The criteria for a successful solar farm are pretty basic: strong sun; relatively inexpensive, flat land; proximity to a substation; low taxes; and eager local officials. Beltline and other solar developers look particularly for power lines criss-crossing the state’s Fall Line which stretches from Augusta to Macon to Columbus. Much of the sandy soil is worn out, ruined by decades of cotton production and, therefore, inexpensive.

Farmers like Chase in Oglethorpe offer up smaller, unused parcels of land. The two, five-acre solar fields on Stagecoach Road are now covered in panels. A substation sits alongside one of the fields.

“It’s something you should at least look into if you have marginal land that’s not earning any money,” said Chase, 50.

Taylor County, up the road from Oglethorpe, is fast becoming Solar Central. Commissioners and farmers have eagerly approved four large-scale solar arrays, ranging in size from 150 to 911 acres — the largest east of the Mississippi — controlled by a subsidiary of Atlanta’s Southern Company.

Other utilities own Taylor County arrays. In all, 3500 acres in the county southwest of Macon will soon be covered in photovoltaic cells, generating enough juice to power about 63,000 homes. The county leased hundreds of acres in its industrial park to the sun seekers.

Taylor offers some ad valorem tax breaks, but nonetheless expects property taxes and permit fees to add as much as $40 million to county coffers over the next two decades. About 2,000 temporary construction jobs are being created, backers say. It took half an hour the other day to order lunch at the Subway in Butler.

“Our school system is already trying to figure out what to do with all these resources,” said Clinton Perry Jr., a commissioner. “We’re an agricultural community that’s been waiting a long time for projects like these. We hope this will be the seed to bring about more growth for our county. We’re very excited. We feel blessed.”

Tax credits give push

Congress in 2006 kick started the nation’s solar industry with a 30 percent construction tax credit for businesses and homeowners. Georgia Power furthered the state’s renewable energy push with its Advanced Solar Initiative (ASI) approved by the Public Service Commission in 2012.

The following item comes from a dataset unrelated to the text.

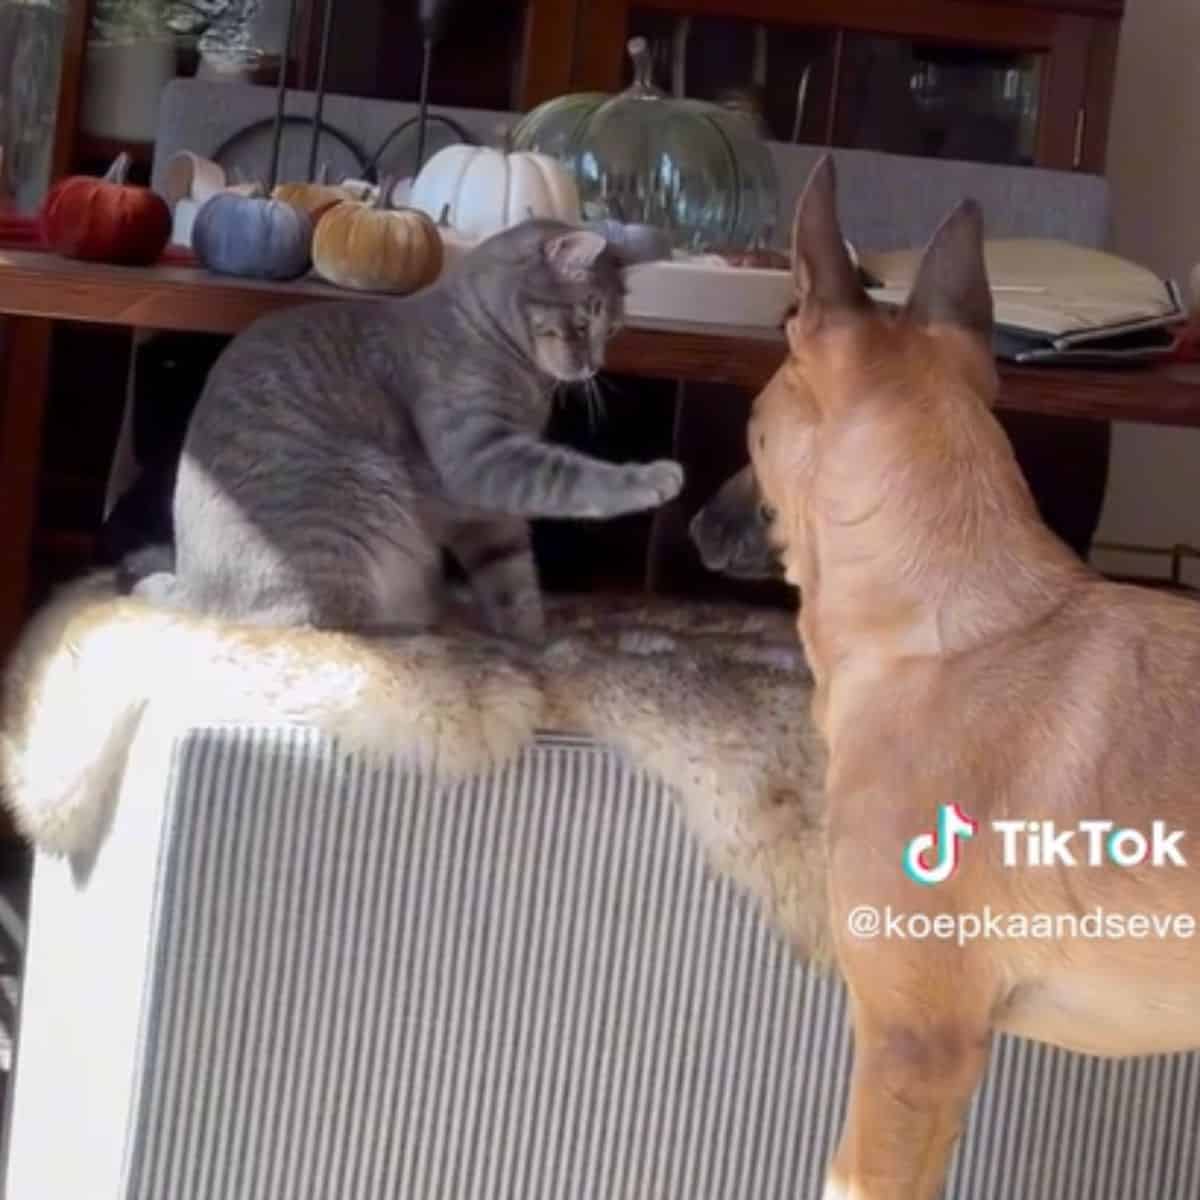 the gray cat teaches the dog

The state’s largest utility committed to buy 745 megawatts of power generated by the sun. In all, 500 residential, commercial and industrial-sized projects should be on line by the end of 2016, a Georgia Power spokesman says.

The state ranked No. 20 in the total amount of solar energy created last year, Environment Georgia reports.

North Carolina generates more solar energy than all Southeastern states combined. A 35 percent state tax credit, and mandated solar energy production targets, makes the industry much more viable in the Old North State. Georgia has neither. And Georgia Power will end its solar program in 2016, about the same time Washington all but ends its tax credit program.

“We still subsidize fossil fuels, so it’s unreasonable to (limit) solar subsidies after only a couple of years,” said Environment Georgia’s Gayer.

President Obama’s Clean Power Plan, which requires states to dramatically reduce carbon pollution by 2030, could re-energize the solar industry. If so, large-scale arrays will continue to grow across South Georgia further transforming the rural economy and the landscape.

“It’ll be alright,” said Kent whose farmhouse will be surrounded on three sides by row upon row of solar panels, “but it won’t be like the cows walking out there.”